I like the idea of a whole family being forced to leave their culture because of differing ideologies. I can see there being family tension as well because one of the kids may be a traditionalist. From the title though, it sounds like a straight comedy. Do you think a bit more pathos and tragedy might work. Maybe a betrayal by one of the family members? I also like fish out of water stories as well. I think it’s a great idea.
The actual logline is a bit choppy though and I find it hard to follow the point of it. I get that there’s a family in hiding from their community leader and they’ve run away because they don’t fit in, and i kind of see that a lot of the story would be around fitting in the new community they’ve run to and getting over misconceptions about what they consider the new community to be.
I can see possible themes of perceptions of theology and dogma, ethical and moral themes, the evolving attitudes to sin, perhaps even the anachronistic meeting the modern. I think there are loads of really interesting and fun things to explore here
Thanks Ashley. You’re on the money about this being a comedy and about people fleeing their cultures. My story is in fact an allegory for refugees arriving in Australia. The logline I posted is clunky, especially in setting up the MC’s goal for overcoming a flaw. Maybe something like this would be better: “Persecuted by Lucifer for having turned into good devils, a devil boy and his family flees Hell for Earthly suburbia where the devil boy saves the neighbourhood from an evil developer.” Your thoughts?
or “A persecuted family of good devils flees Hell for Earthly suburbia where they fight to gain acceptance in a neighbourhood embroiled in battling a property developer.”

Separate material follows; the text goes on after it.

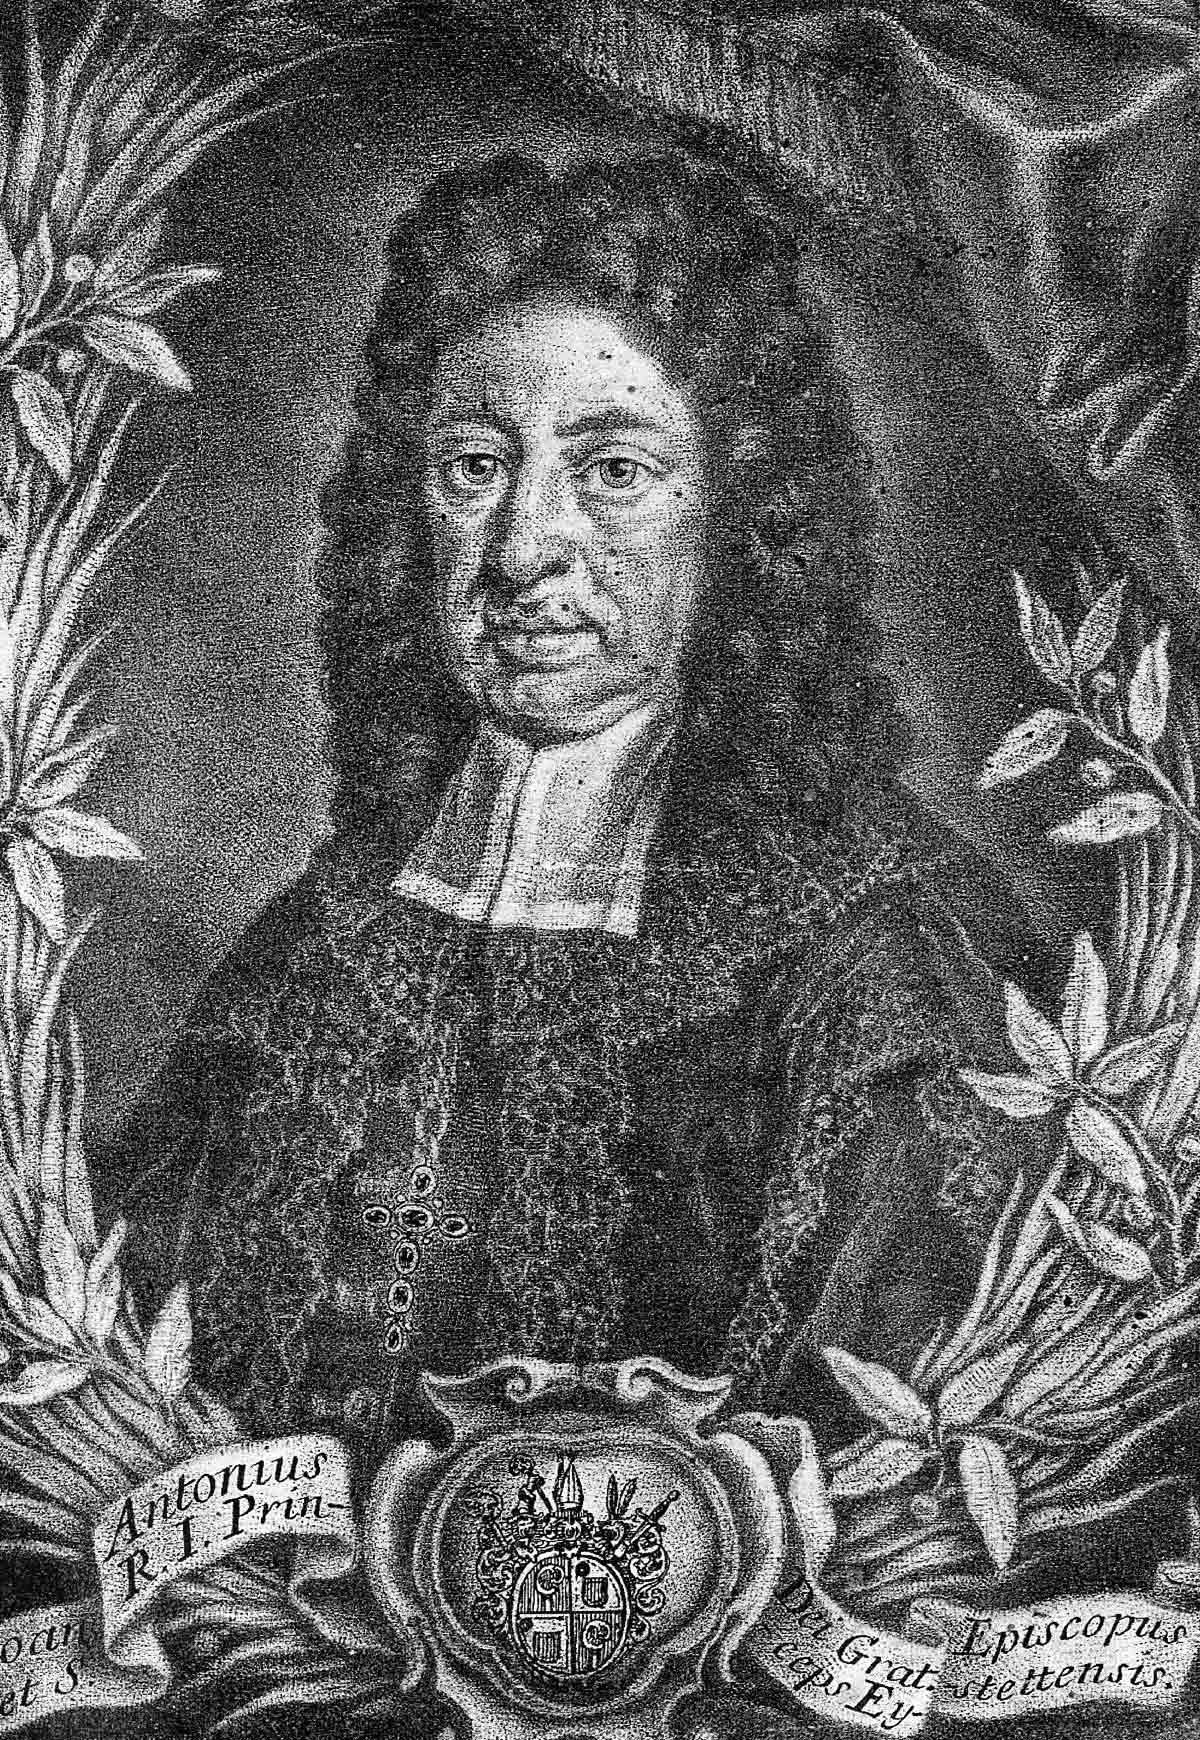 Johann Anton I. Knebel von Katzenellenbogen

Hi Cryters. To be honest, I’m really new to this logline stuff, so please don’t think that I speak with any authority. One comment I read before said that the protagonist should have their character theme trait and goal in the logline. The theme trait would be the tool that the protagonist moves the story along with. So, for example, the Devil leaves hell and their practices because he stubbornly will not do what he’s told. Later in the story, he either overcomes that stubbornness or uses it to win the day. But in the logline he’s a stubborn devil because that’s the characters theme.
Stubbornness is just an example by the way. You can definitely come up with a better trait. How about disobedience for irony? Lucifer would be a real hypocrite if he doesn’t like disobedience.
The story’s theme could be mentioned too, so as it’s about refugees, could you say that the family seek refuge in suburbia? Your third logline conveys the story to me really well. –
A persecuted family of good devils flees Hell for Earthly suburbia where they fight to gain acceptance in a neighbourhood embroiled in battling a property developer.?
From what I’ve read, that’s very correct because it shows the story and the visual story that’s being told. Maybe the protagonist should be more proactive. So instead of becoming embroiled in a property development war, The family chooses to defend a town that fears and despises them from a ruthless property developer. Like I say though, I have no experience with logline rules and I think I’m mixing it up with tagline rules.
Just as an aside, you don’t have to tell me if you don’t want to. Is lucifer the property developer?
For purposes of structuring the concept a vague notion of a known theological paradigm can work. However for pitching all elements of a logline need to be immediately clear for most readers with out a need to look at “…two differing themes from two well known theologians?”.
Some great feedback above.
I think your last draft is pretty good. In fact, it could almost be pitched as a series, just IMO… a modern day riff on the Adams Family/ Munsters 😉
Best of luck.
Thanks Tony. Yes, you’re right but I was thinking of The Munsters and The Beverly Hillbillies, though with a refugee twist (the three series mentioned are just fish-out-of-water comedies, ie with no social undertones attached to them).